I am playing a bit with convnets, specifically I am using the kaggle cats-vs-dogs dataset which consists on 25000 images labeled as either cats or dogs (12500 each).
I have managed to achieve around 85% classification accuracy on my test set, however I have set myself the goal of 90% accuracy.
My main problem is overfitting, somehow it always ends up happening (normally after epoch 8-10). The architecture of my network is loosely inspired by VGG-16, more specifically my images are resized to 128x128x3, and then I run
Convolution 1 128x128x32 (kernel size is 3, strides is 1) Convolution 2 128x128x32 (kernel size is 3, strides is 1) Max pool 1 64x64x32 (kernel size is 2, strides is 2) Convolution 3 64x64x64 (kernel size is 3, strides is 1) Convolution 4 64x64x64 (kernel size is 3, strides is 1) Max pool 2 32x32x64 (kernel size is 2, strides is 2) Convolution 5 16x16x128 (kernel size is 3, strides is 1) Convolution 6 16x16x128 (kernel size is 3, strides is 1) Max pool 3 8x8x128 (kernel size is 2, strides is 2) Convolution 7 8x8x256 (kernel size is 3, strides is 1) Max pool 4 4x4x256 (kernel size is 2, strides is 2) Convolution 8 4x4x512 (kernel size is 3, strides is 1) Fully connected layer 1024 (dropout 0.5) Fully connected layer 1024 (dropout 0.5)
All the layers except the last one have relus as activation functions.
Note that I have tried different combinations of Convolutions (I started with simpler convolutions).
Also, I have augmented the dataset by mirroring the images, so in total I have 50000 images.

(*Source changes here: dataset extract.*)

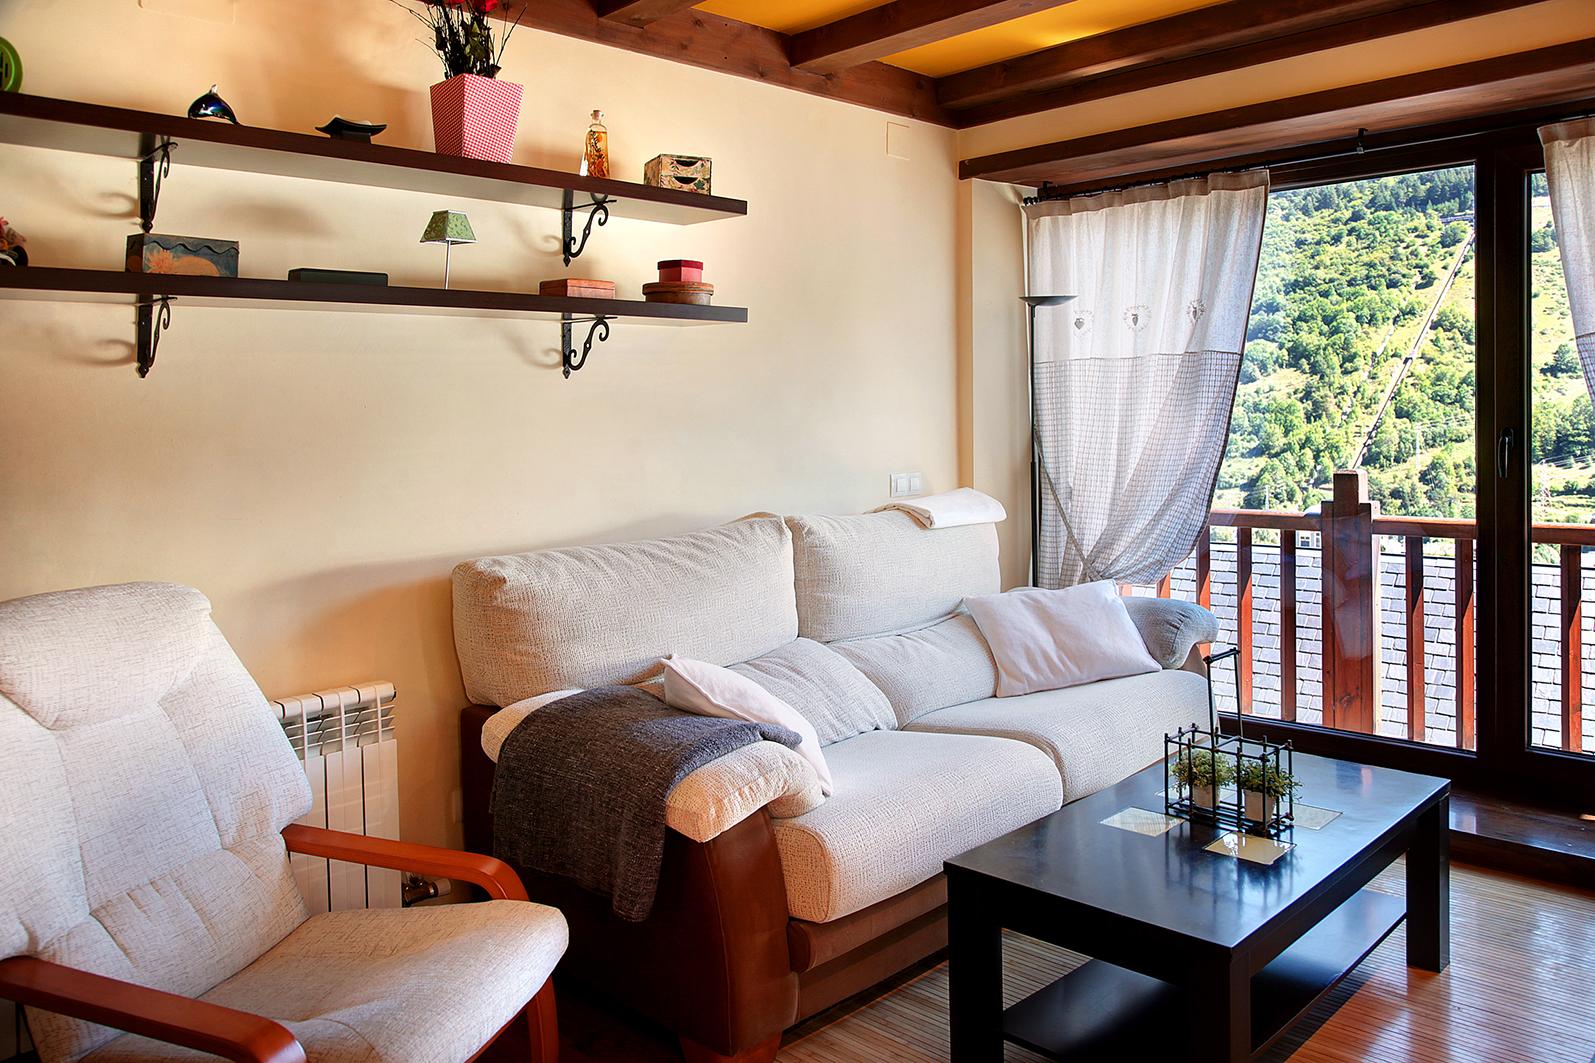 fotografía turismo rural apartamento santeta de arán vielha

Also I am normalizing the images using min max normalization, where X is the image
X = X - 0 / 255 - 0
The code is written in tensorflow.
The batch sizes are 128.
The mini-batches of training data end up overfitting and having an accuracy of 100% while the validation data seems to stop learning at around 84-85%.

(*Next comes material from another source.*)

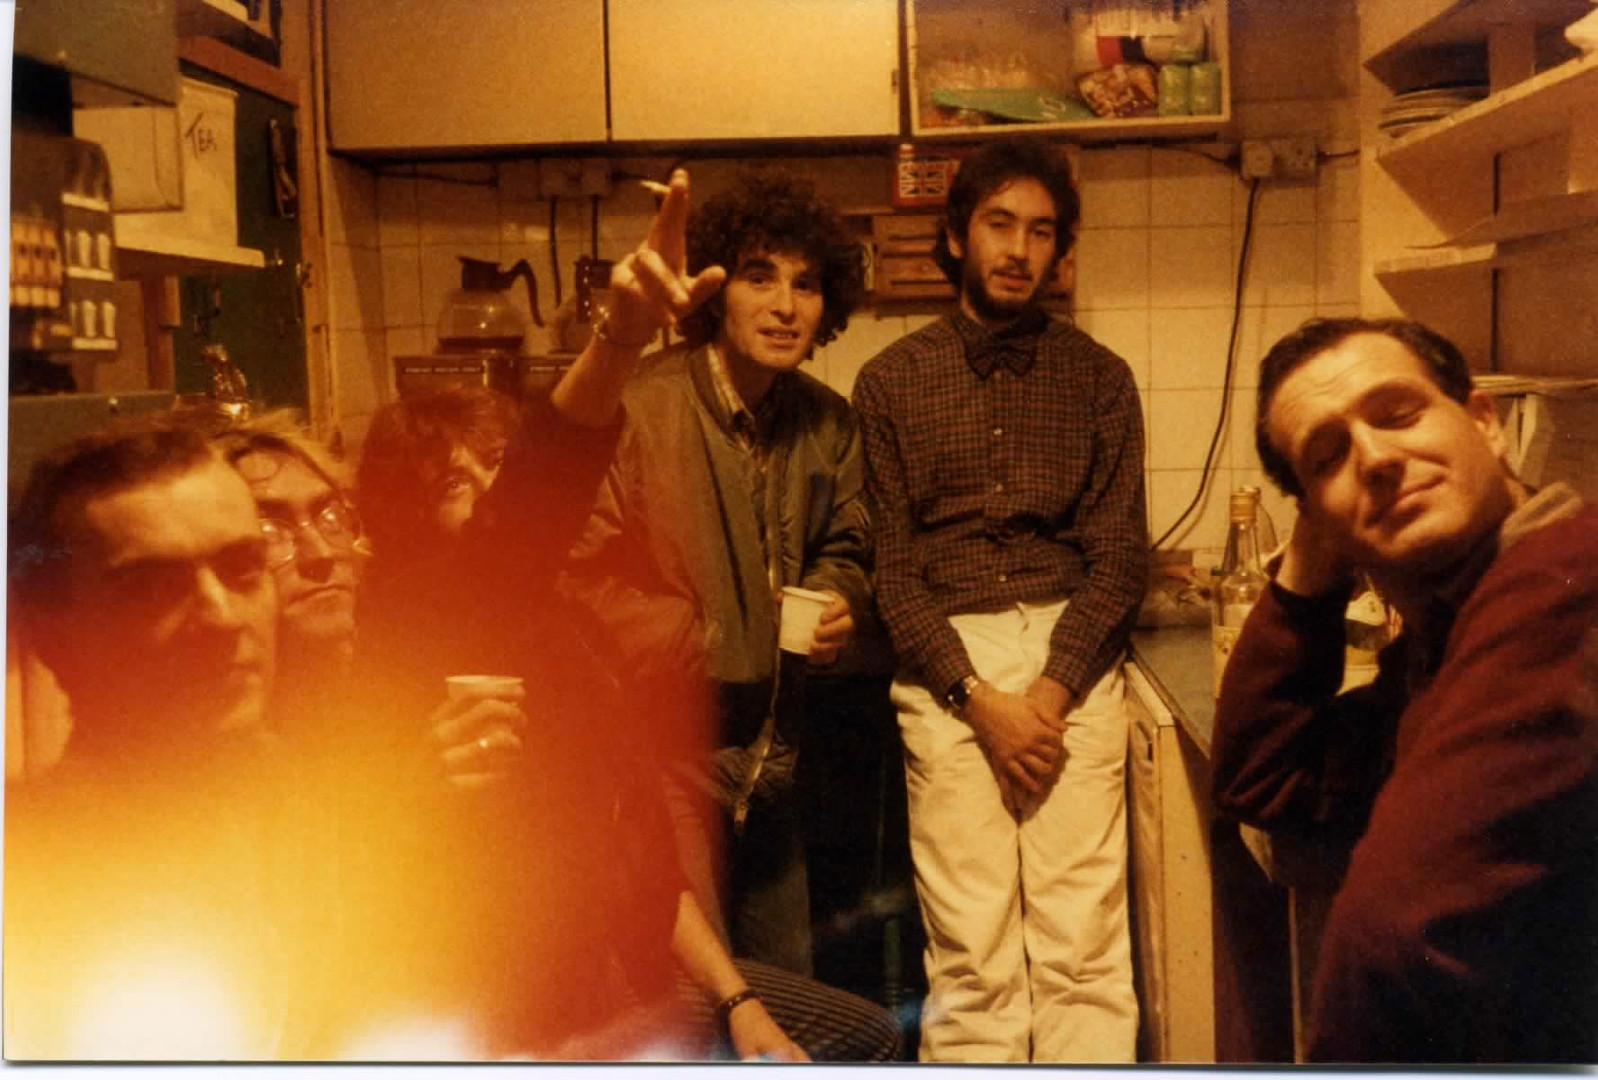 Richard Napper, Terry Abernethy, ?, Stan Siegal, Georges Meisner, Geoff Andrew.

I have also tried to increase/decrease the dropout rate.
The optimizer being used is AdamOptimizer with a learning rate of 0.0001
At the moment I have been playing with this problem for the last 3 weeks and 85% seems to have set a barrier in front of me.
For the record, I know I could use transfer learning to achieve much higher results, but I am interesting on building this network as a self-learning experience.

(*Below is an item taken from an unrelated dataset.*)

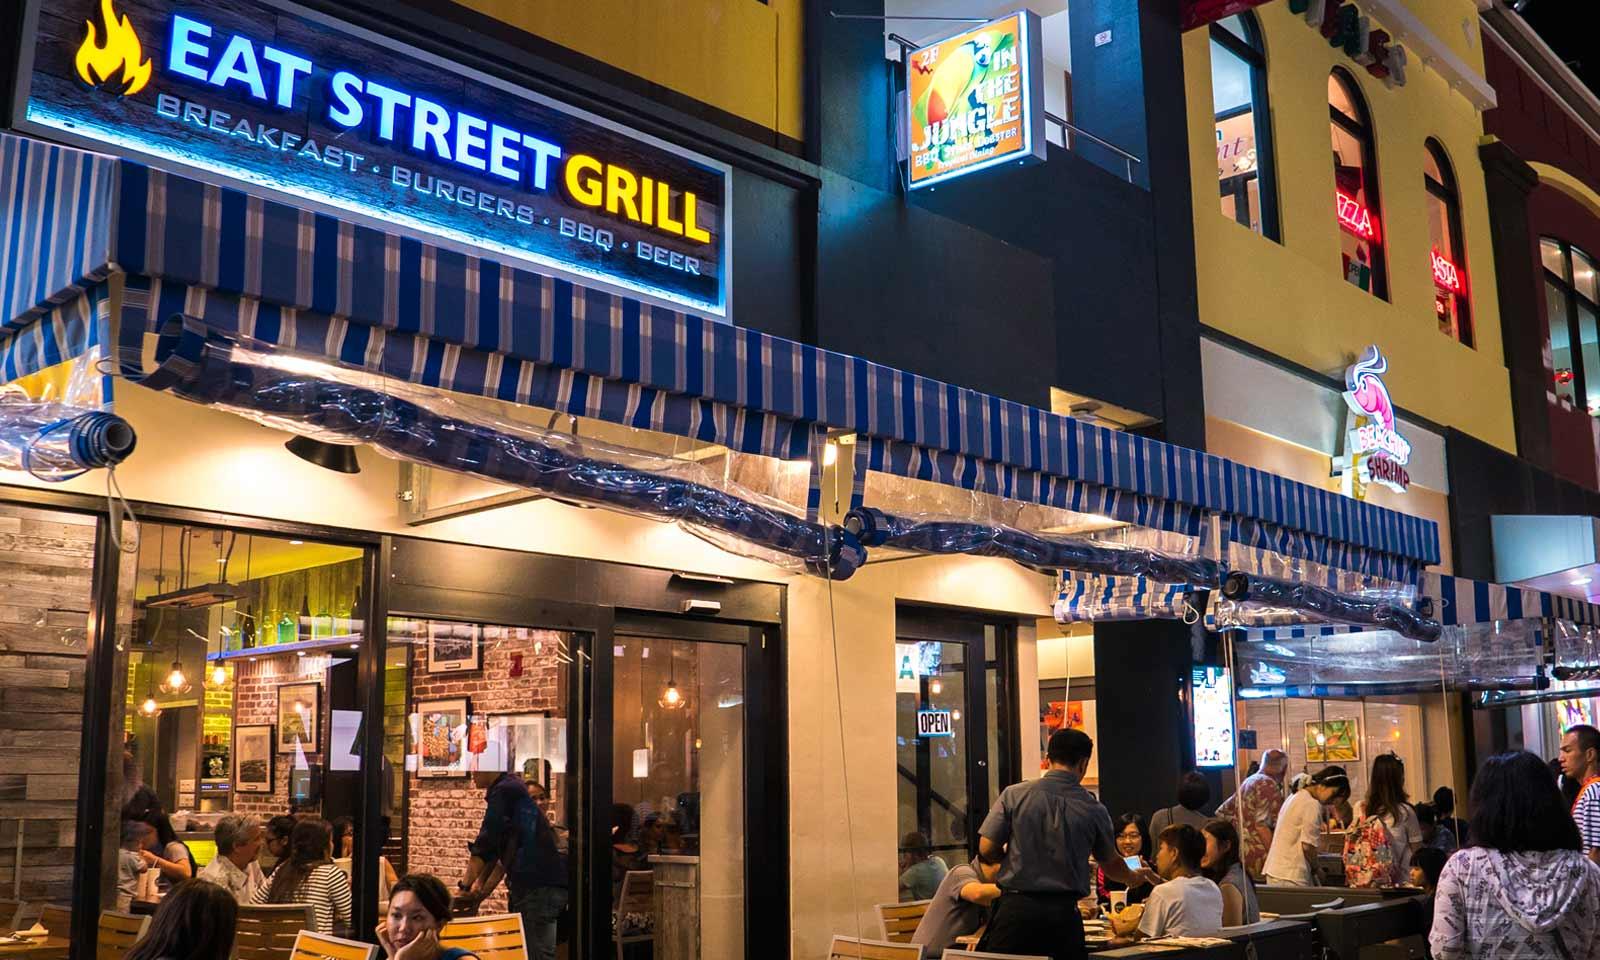 Eat Street Grill in Tumon, Guam

I am running the SAME network with a different batch size, in this case I am using a much smaller batch size (16 instead of 128) so far I am achieving 87.5% accuracy (instead of 85%). That said, the network ends up overfitting anyway. Still I do not understand how a dropout of 50% of the units is not helping... obviously I am doing something wrong here. Any ideas?
Seems like the problem had to do with the batch size, as with a smaller size (16 instead of 128) I am achieving now 92.8% accuracy on my test set, with the smaller batch size the network still overfits (the mini batches end up with an accuracy of 100%) however, the loss (error) keeps decreasing and it is in general more stable. The cons are a MUCH slower running time, but it is totally worth the wait.